# A Signature of my 2 Cats???



## caleb&sophie (Oct 23, 2005)

If anyone has the time or desire to create a signature for me of my 2 cats I would love you forever (or not if that scares you away  ).

Here's my favorite picture of them:











It's a little grainy because I don't have a digital camera, I take the pictures as still images from my camcorder. Thanks a bunch to anyone who tries!!!


----------



## cagnes (Apr 16, 2005)

I decided to give it a try. :wink:


----------



## caleb&sophie (Oct 23, 2005)

I LOVE it! Thank you sooooo much!

It amazes me the amount of talent I see in this forum!
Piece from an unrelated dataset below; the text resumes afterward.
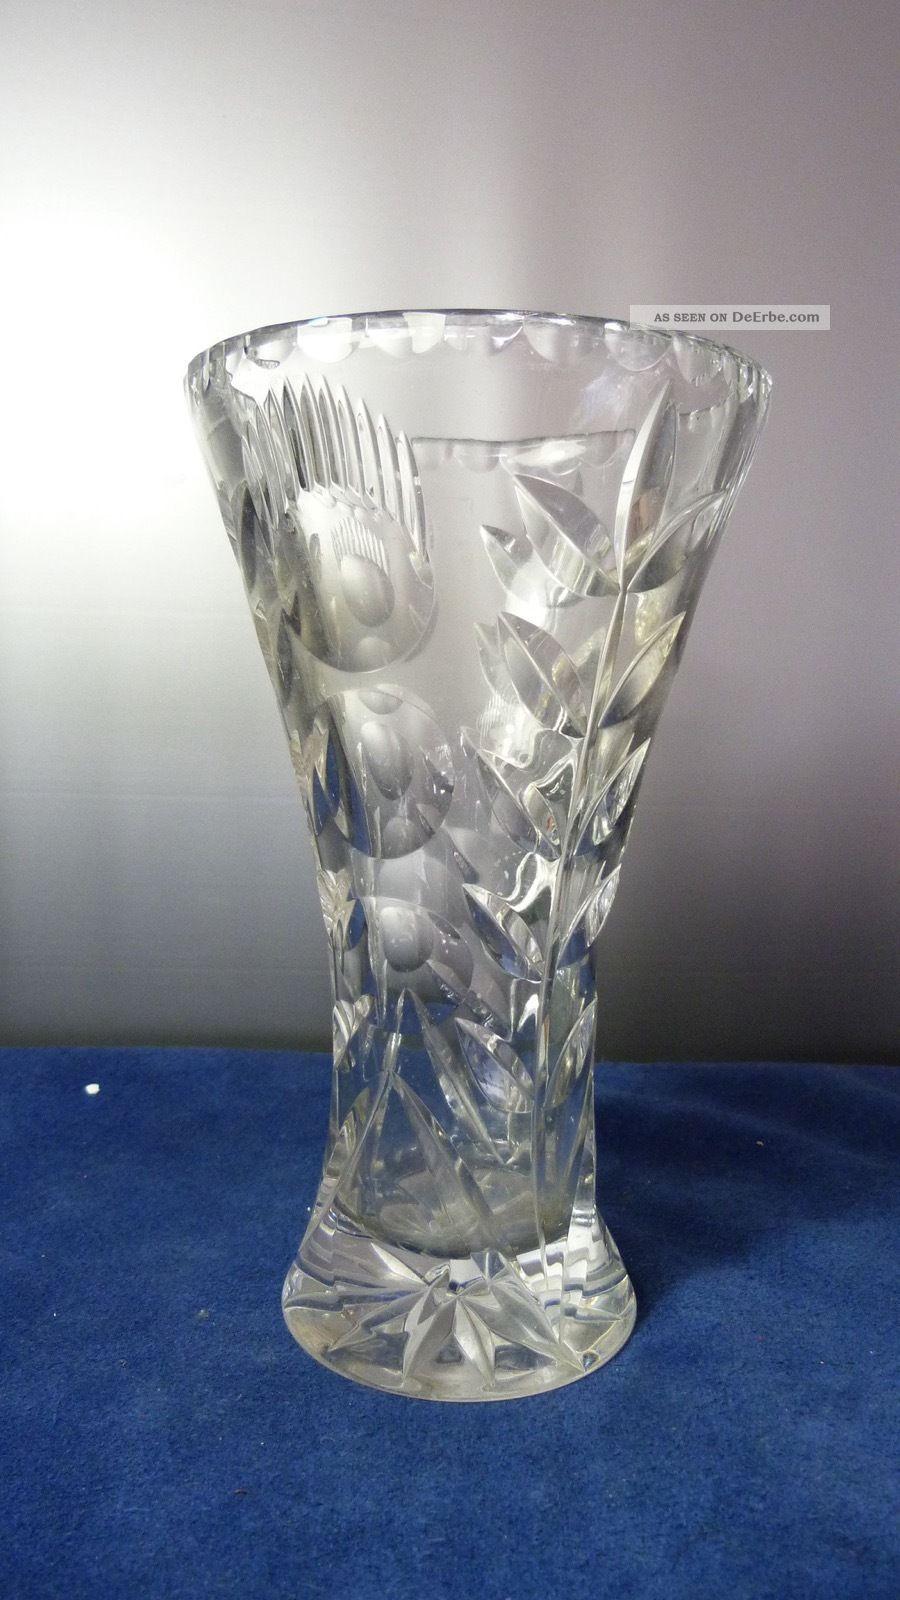 Alte Kristallglas Vase Germany - H 22,  0 X Dm 13,  0 Cm - Und Sehr Edel N1 Kristall Bild

I was tinkering around with my photoshop pro program and I couldn't figure anything out!


----------



## Tabassco (Jun 19, 2005)

Daaang cagnes, you never fail to surprise me with your talent


----------



## cagnes (Apr 16, 2005)

Thanks tabassco, I love your work... I think it pretty awesome!



You're very welcome caleb&sophie! That has be one of the sweetest photos that I've ever seen, it's ashame that the quality isn't so good. It is a beautiful pic of 2 gorgeous kitties though! 
:heart


----------



## Lisa 216 (Oct 25, 2004)

Wow, what an adorable photo and beautiful sig!! :heart Good stuff. :wink:


----------